─── Dataset content ───
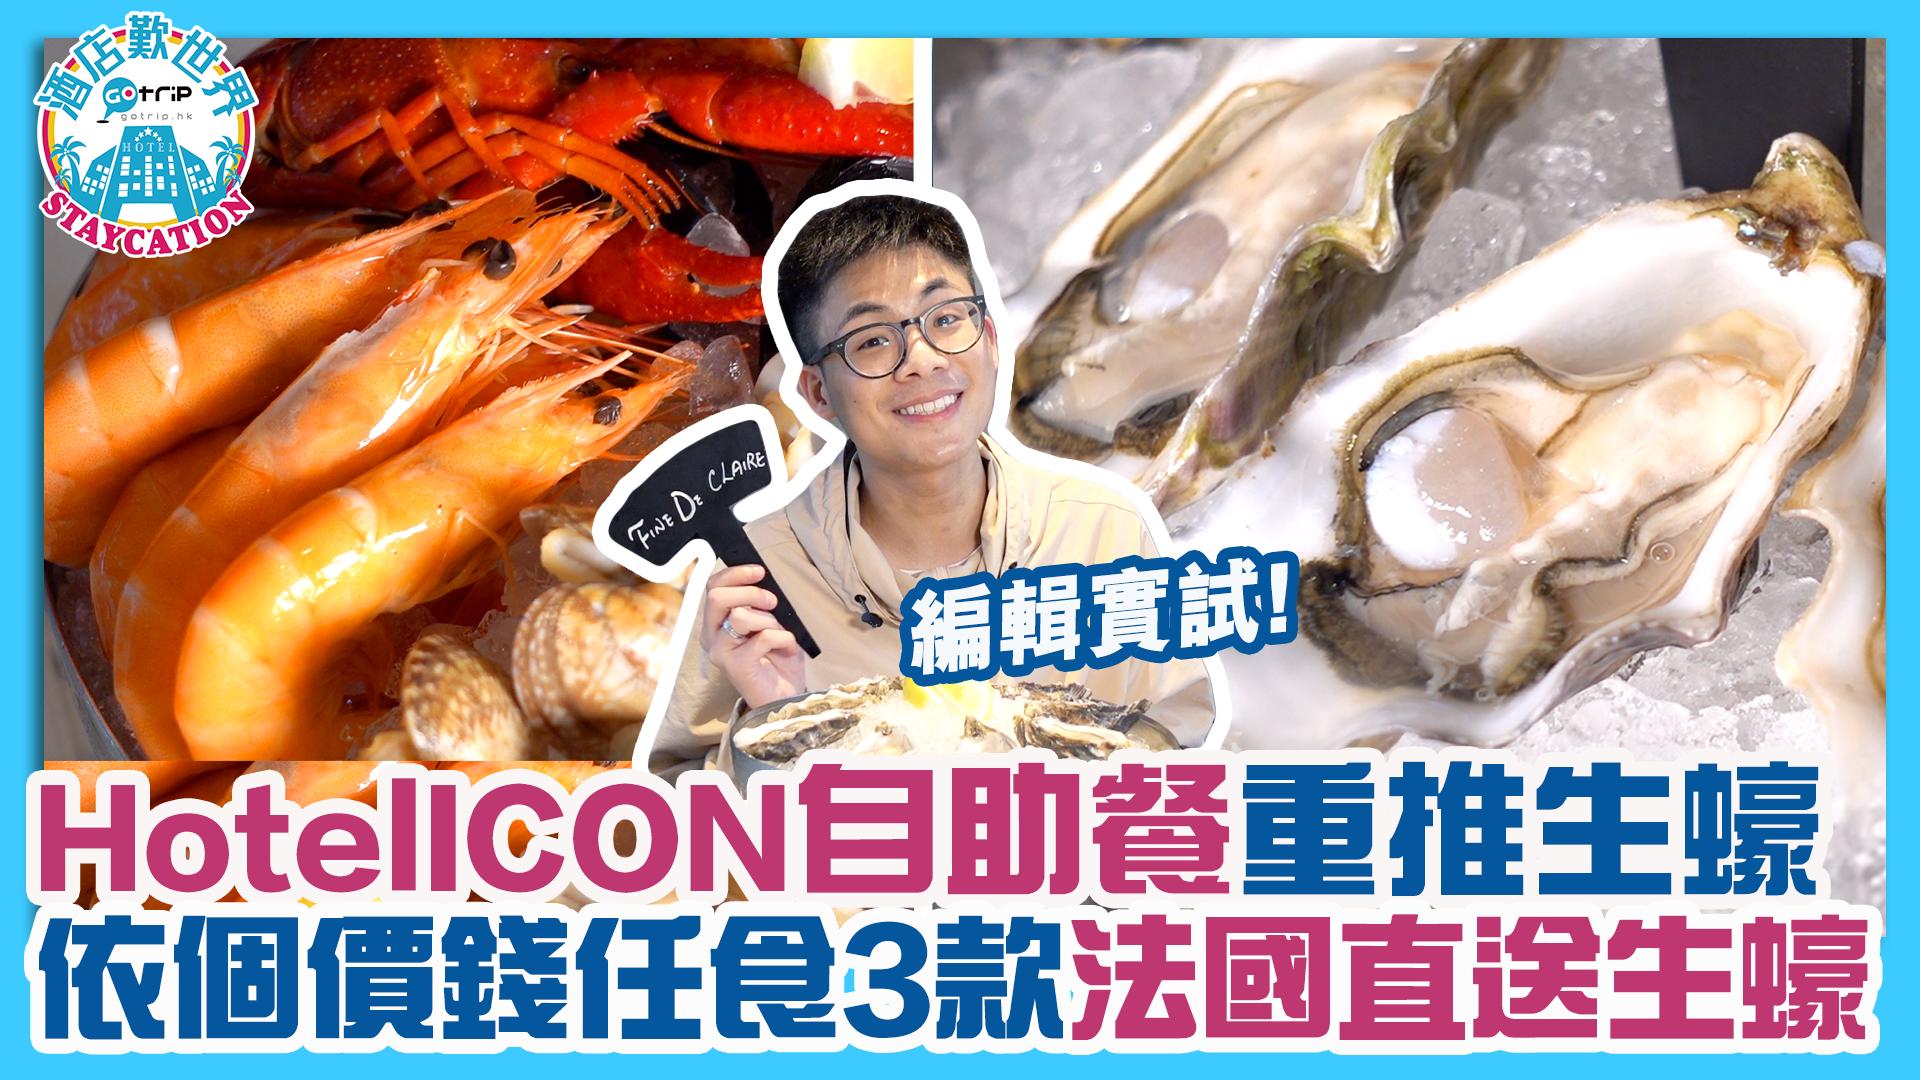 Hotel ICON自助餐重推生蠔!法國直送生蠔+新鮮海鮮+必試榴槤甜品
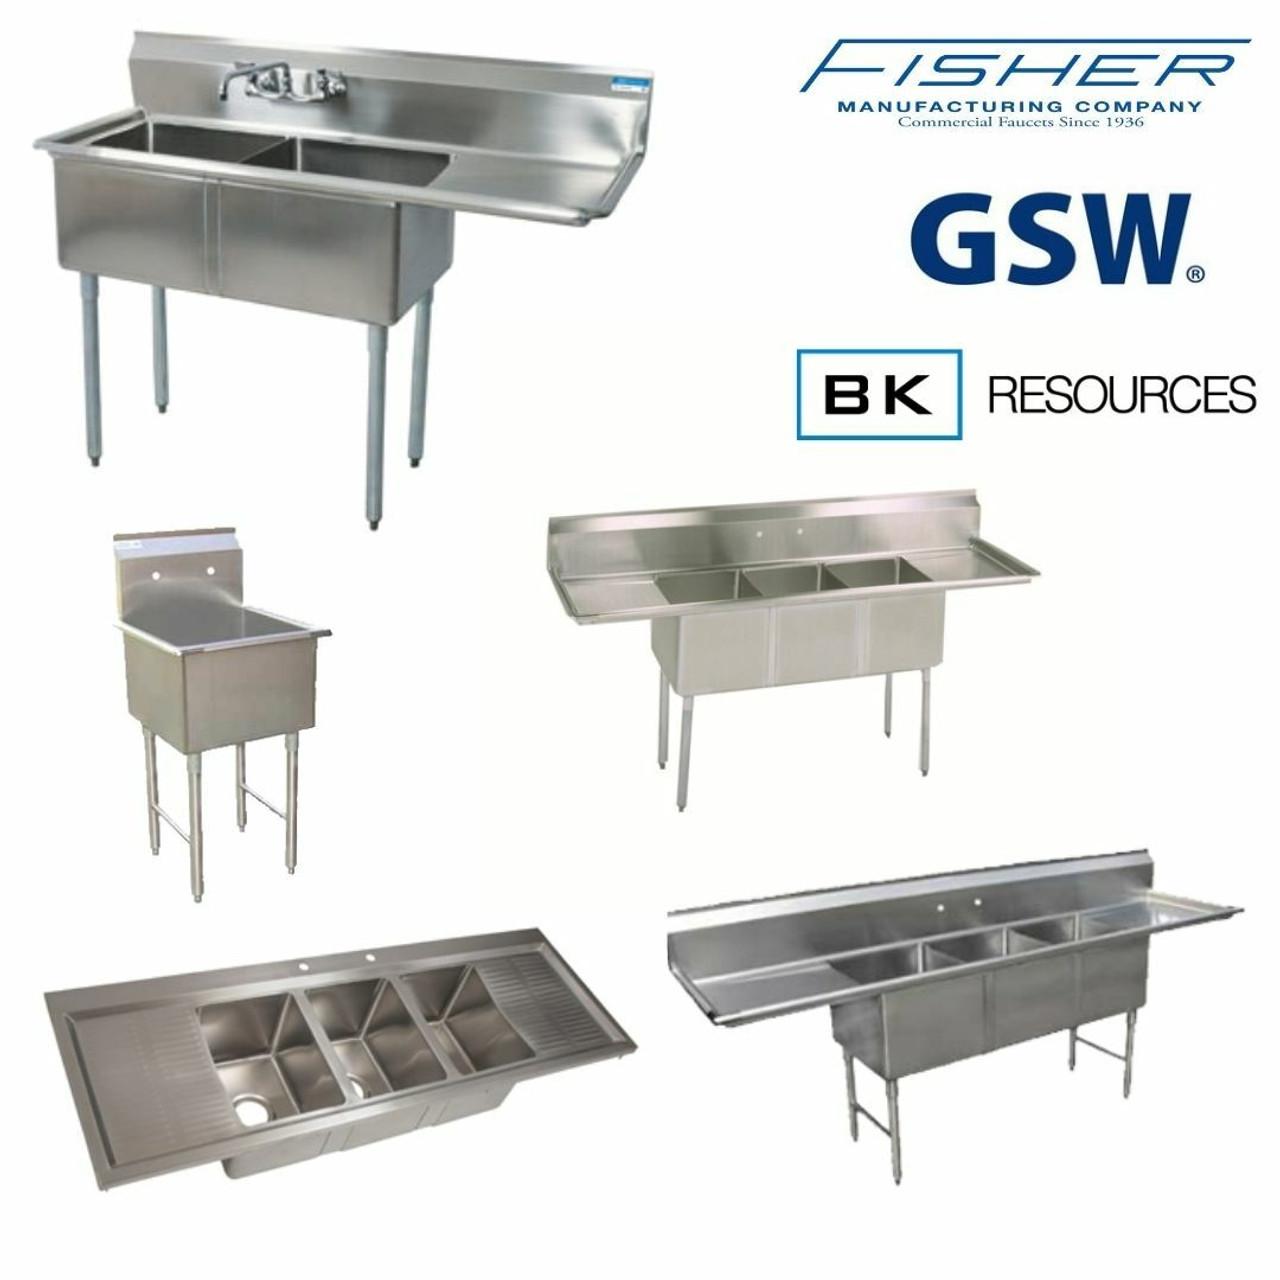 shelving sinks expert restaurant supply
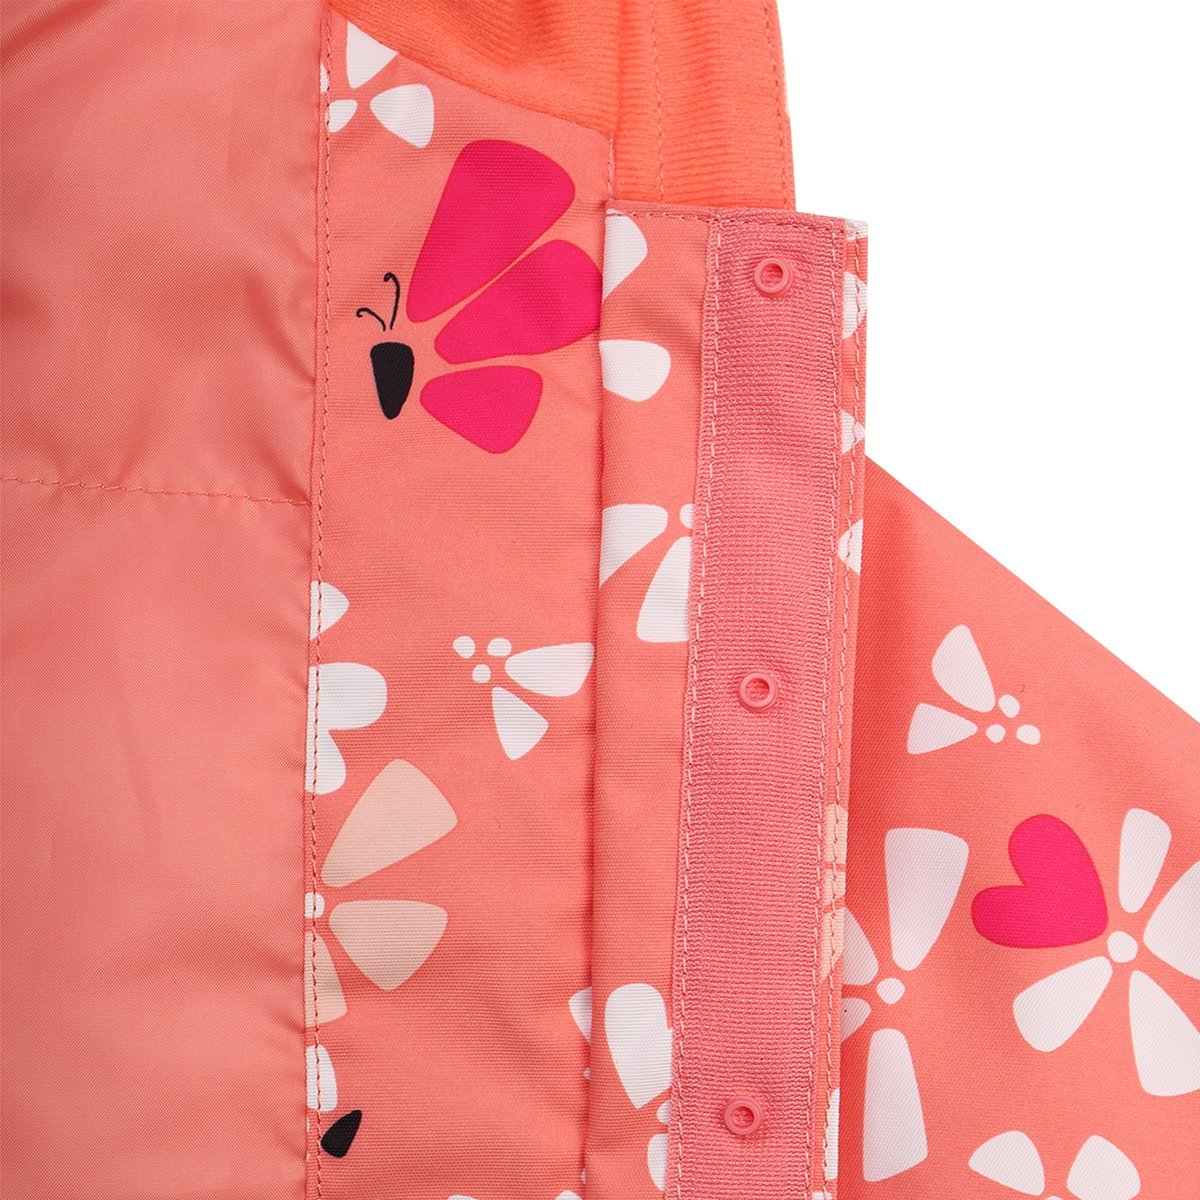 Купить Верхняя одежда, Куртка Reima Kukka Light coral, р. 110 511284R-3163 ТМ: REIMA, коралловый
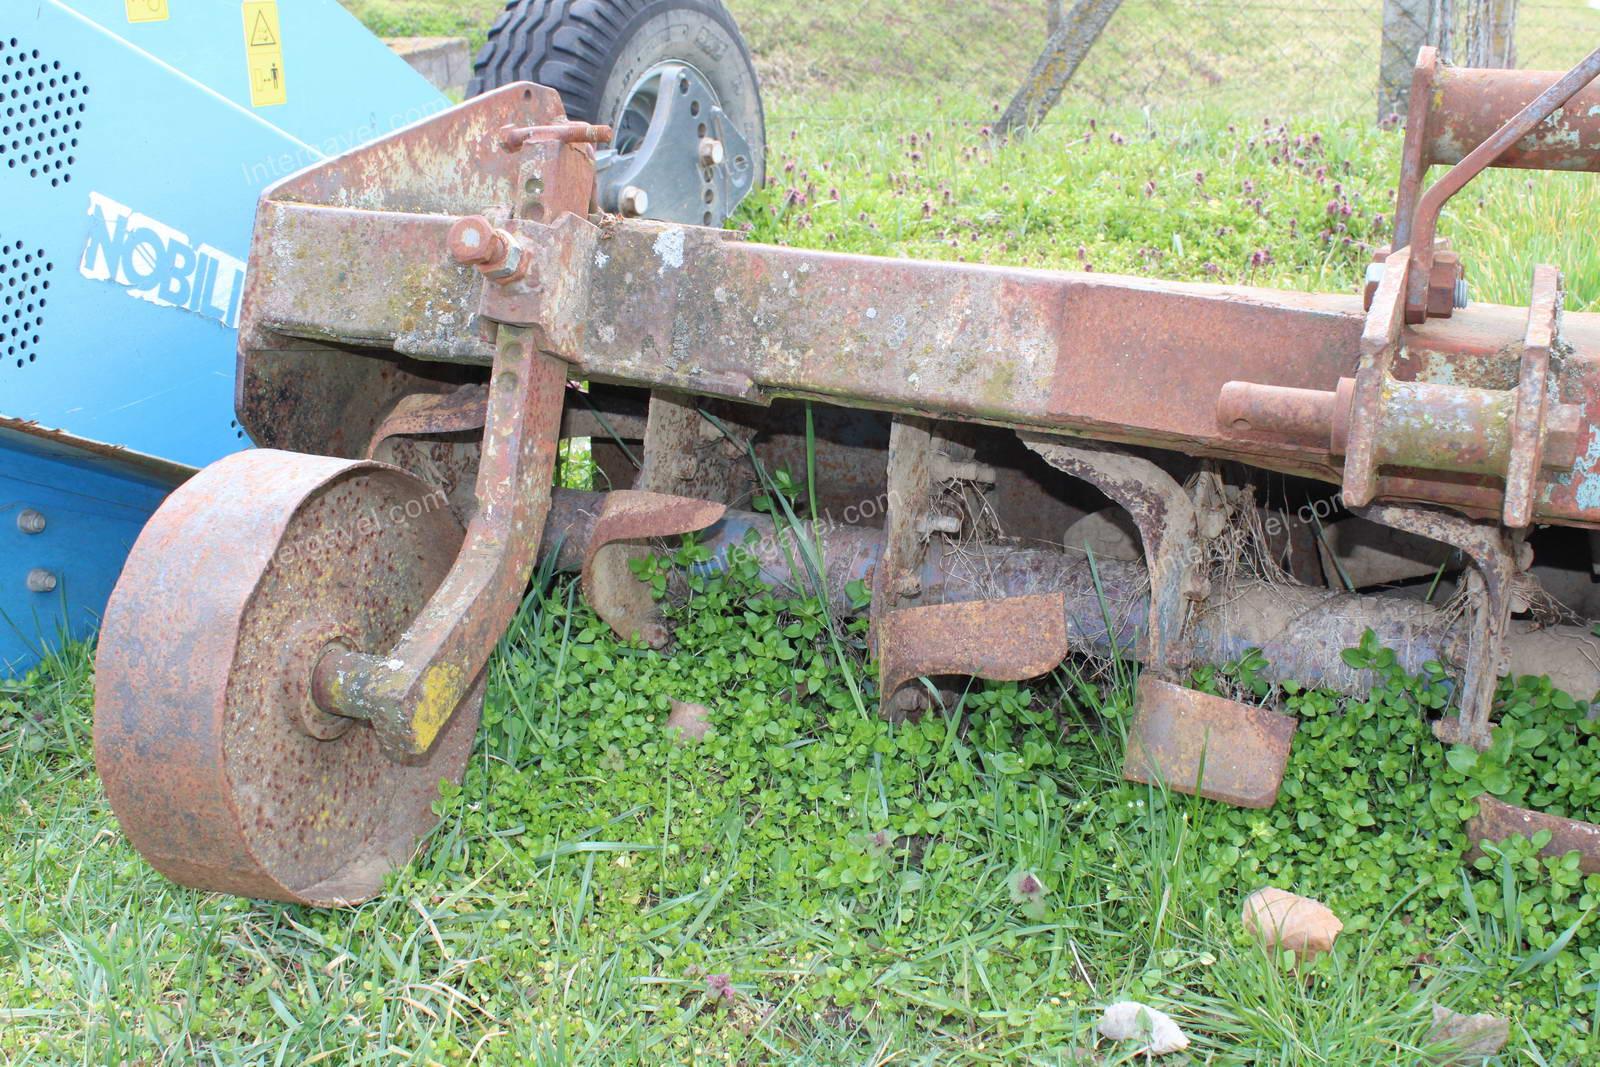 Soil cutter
───
**What to do**
Extract the lines beginning with the one that contains "Купить Верхняя одежда, Куртка" and ending with the last line of the listing. Keep them exact and drop the pictures.

**Answer to the exercise**
 Купить Верхняя одежда, Куртка Reima Kukka Light coral, р. 110 511284R-3163 ТМ: REIMA, коралловый
 Soil cutter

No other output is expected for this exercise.